To trace back the onset of these defects during early development, we performed alcian blue: alizarin red staining on larvae obtained by mating satb2 heterozygous adults. Larvae were collected 15 days post fertilization, a day prior to depletion of zygotic satb2−/− fish from the pool. As in the case of adult survivors, we observed craniofacial defects in the homozygous larval samples (Fig. 1g). We also detected an increase in the angle between the mandibles and maxilla in heterozygous and homozygous mutant larvae as compared to wild-type siblings (Fig. 1h). Measurement of the total length of the lower jaw confirmed significantly higher protrusion in zygotic satb2 mutants (Fig. 1i). Our data demonstrate that zygotic loss of Satb2 in zebrafish leads to defective cranial and skeletal morphogenesis. Therefore, we decided to employ this unique tool to uncover its function during initial events of vertebrate organogenesis.

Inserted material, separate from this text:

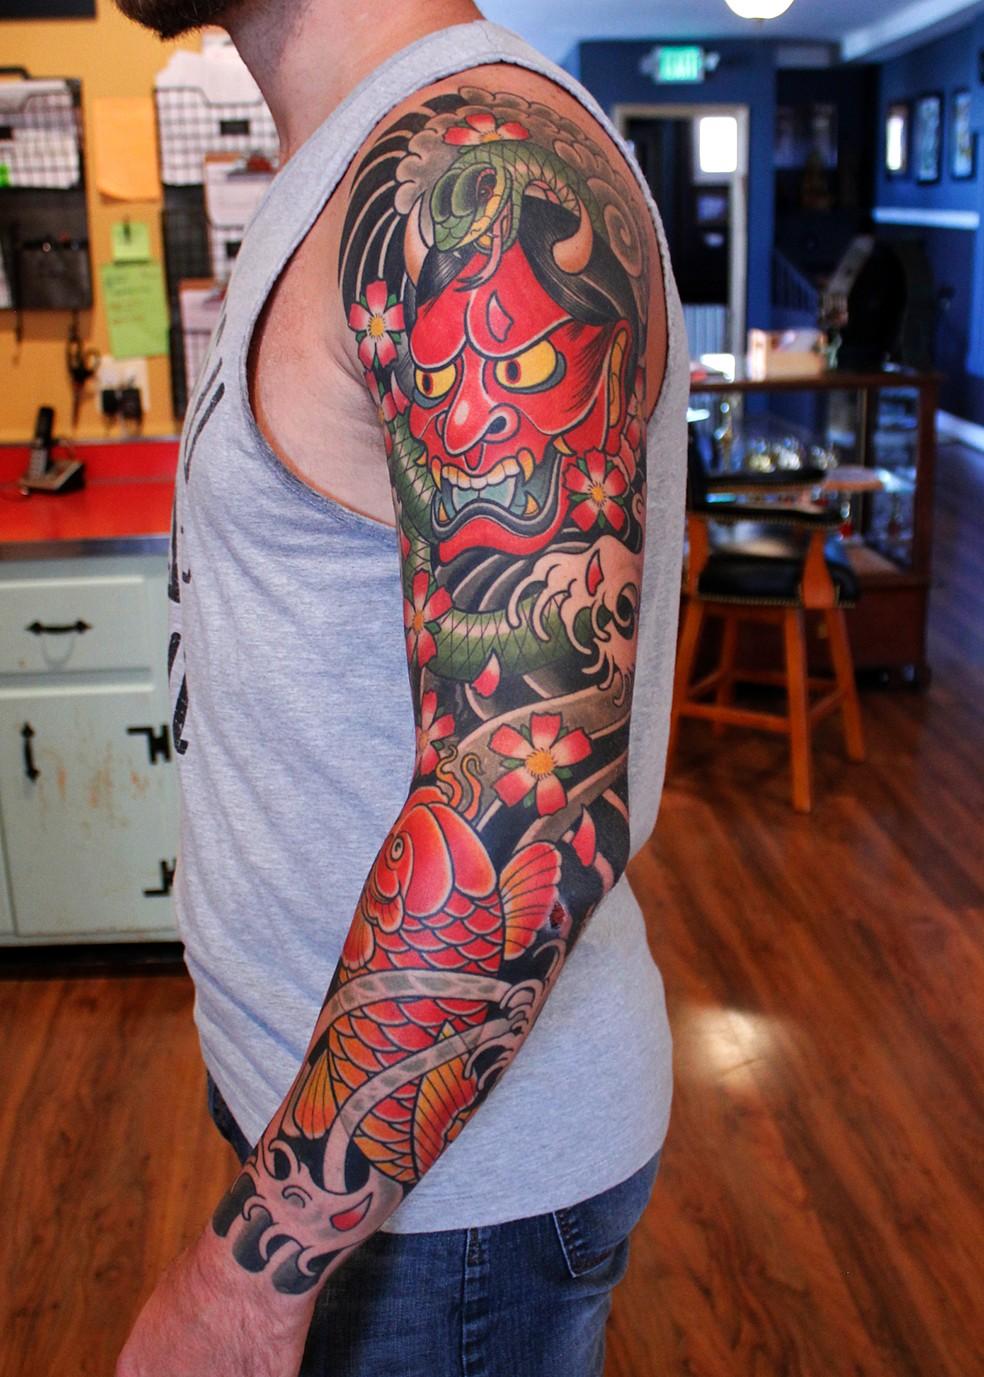 Dave wah tattoo artist baltimore maryland for Best tattoo artist in tokyo
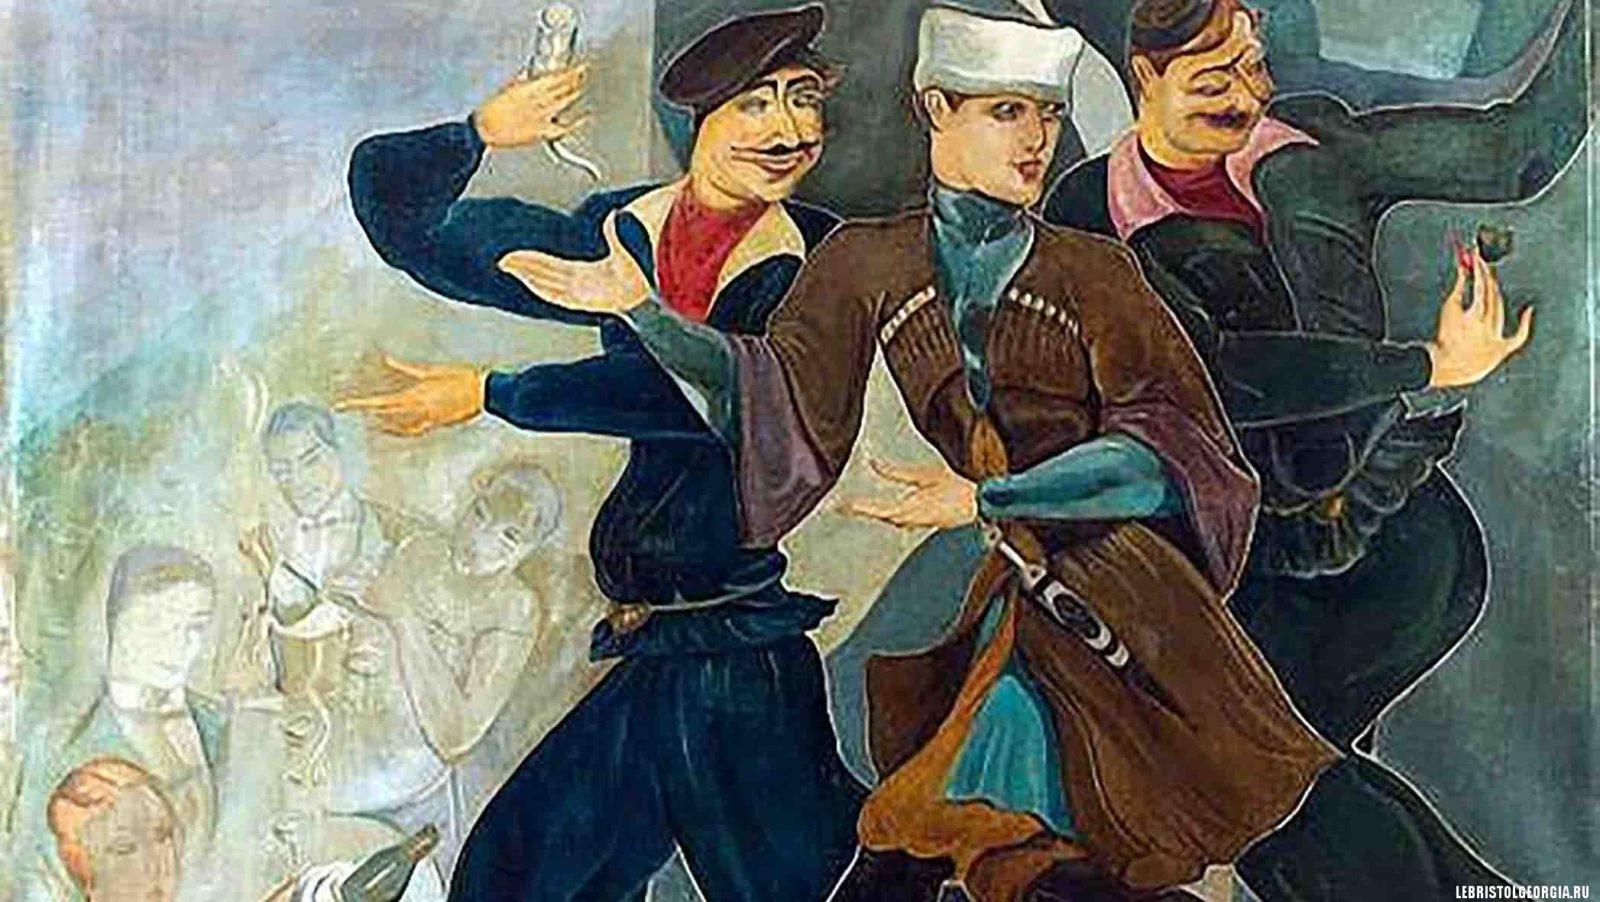 художник ладо гудиашвили

Satb2 potentiates NC specification and skeletal system development

Aberrant NC specification and migration have been correlated with severe craniofacial defects29,30. In the developing larvae, satb2 is strongly expressed in the pharyngeal arches, a reservoir of NCCs26. This prompted us to investigate the possible involvement of Satb2 in NC development. First, we examined satb2 expression in NCCs compared to non-neural crest cells from publicly available RNA-seq data35 (CrestinPos and CrestinNeg cells) (Supplementary Fig. 2a) and by qPCR on Sox10Pos and Sox10Neg cells isolated from Tg:Sox10:GFP line (Supplementary Fig. 2b) at the 14 ss. We observed very high enrichment of Satb2 transcripts in NCCs, suggesting the possible role of Satb2 in driving NC specification during very early stages of embryo development in zebrafish. To gain further insights, we performed gene expression analysis in wild-type siblings and satb2−/− embryos at three developmental time points that correspond to specific stages of NC differentiation (Supplementary Fig. 2c). To study NC induction, NC specification and differentiation we analyzed gastrulating embryos at 80% epiboly, embryos at 5–6 somites stage (ss), and 14 ss respectively36. Pearson correlation analysis for all stages showed significant reproducibility between the replicates (Supplementary Fig. 2d). Differential analysis revealed that loss of Satb2 function resulted in deregulation of numerous genes across all developmental stages (658 at 80% epi, 661 at 6 ss, 3015 at 14 ss) (Fig. 2a). Notably, we observed a minimal overlap between differentially expressed genes across developmental stages (Supplementary Fig. 2e). Furthermore, we observed maximum dysregulation of gene expression programs at 14 ss (both at the level of gene expression and in terms of the number of deregulated genes). This observation suggests that Satb2 likely plays an essential role during NC differentiation (Fig. 2a and Supplementary Fig. 2f). Supporting this conclusion further, at 14 ss, the significant deregulated targets were known components of NC development or differentiation such as sox10, sox9b, pax3a, and zic137,38,39,40 (Fig. 2b).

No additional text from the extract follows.